Like Server Visibility Agents, Network Agents support Dynamic Monitoring Mode (DMM). Rather than have all Network Agents report all metrics all the time, you can run each Agent in one of three modes:

  • KPI Mode – Network KPI metrics for all monitored objects (application flows, tiers, nodes, and network links) except individual connections
  • Diagnostic Mode – Network KPI metrics for all monitored objects, including connections
  • Advanced Diagnostic Mode – All network metrics for all monitored objects, including connections

Every Network Visibility metric has a default DMM class (KPI, Diagnostic, and Advanced Diagnostic). See Network Visibility Metrics

By default, all Network Agents run in KPI mode. The recommended workflow is to: 

  1. Run all Network Agents in KPI mode. 
  2. When you notice a performance issue on a specific node or network link, increase the metric level on the associated Network Agents to Diagnostic, and collect KPI metrics for the connections.
  3. Based on the connection KPIs, identify the connections with performance issues.
  4. To troubleshoot an individual connection, increase the metric level on the associated Network Agents to Advanced Diagnostic, and collect advanced metrics for the connection. 
  5. When the issue is resolved, reset the Agents back to KPI mode.
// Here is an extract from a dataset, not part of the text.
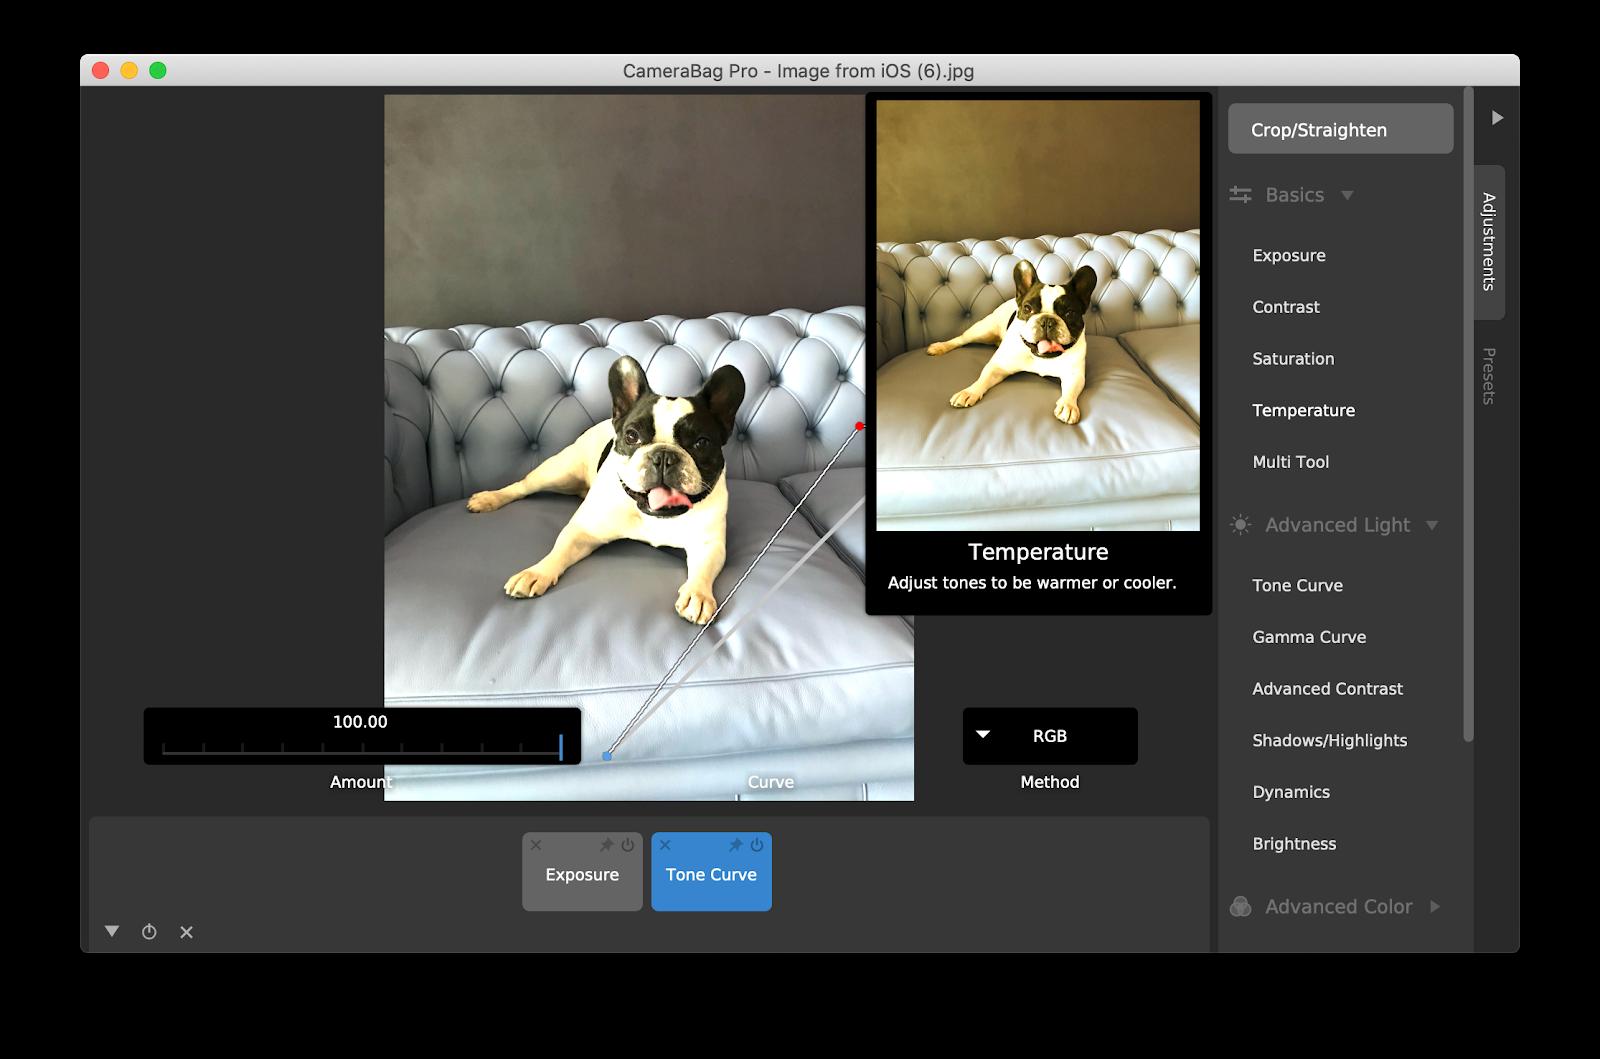 CameraBag Pro photo editing app

Change the DMM on a Network Agent

  1. Click the gear icon () in the top-right corner of the Controller page, select AppDynamics Agents, and go to the Network Visibility Agents table.
  2. Select the Agents of interest, right-click, and select Change Dynamic Monitoring Mode

The Network Agent retains its DMM setting even if the Agent is stopped and restarted. See Managing Network Agents in the Controller.

Connection Diagnostics and Network Bottlenecks

Network Agents can collect an extensive set of individual connection metrics within a network link. Network Visibility can detect these TCP performance issues:

  • The data-receive window is too small (or zero) on the client or the server, which slows down the transfer of data. 
  • One or more servers are experiencing errors setting up or tearing down the connection for an individual TCP session.
  • The client and server take a long time to set up an individual session.
  • The application is using many short-lived connections. TCP is most efficient when long, stable connections are used.
  • Some TCP sessions have unusually high round-trip times (RTTs). When TCP is performing well, RTTs are stable and determined by the network path between two nodes. 

The Network Agent does not collect any connection metrics in KPI mode (the default setting). To diagnose a node or network path that is monitored by an Agent, you can change the Dynamic Monitoring Mode on a Network Agent.

Example Workflow

After you complete the initial setup, you can set the Dynamic Monitoring Mode on individual Network Agents, as needed. This is an example workflow:

  • The DevOps team for a large enterprise monitors its IT infrastructure using Network Agents on critical servers. All Agents are initially set to KPI mode. 
  • The Network Dashboard shows a spike in latency on a network link between tier-A and tier-B.
  • A DevOps team member:
    • Sets the Network Agent DMM on the tier-A and tier-B servers to Diagnostic. 
    • Collects KPI metrics for the connections between the tier-A and tier-B nodes.
    • Identifies one high-latency connection between nodes TA-N1 and TB-N3, based on the Connection KPIs. The KPIs for all other connections are within acceptable bounds. 
    • Sets the Network Agent DMM on TA-N1 and TB-N3 to Advanced Diagnostic, and the DMM on all other Agents to KPI.
    • Notes a set of spikes in Nagle delays on this connection. These spikes correspond to the latency spikes noticed on the network link.
    • Reconfigures TCP on the two nodes, and monitors the connection. The Nagle and latency spikes no longer occur. 
    • Resets DMM on the TA-N1 and TB-N3 Agents back to KPI.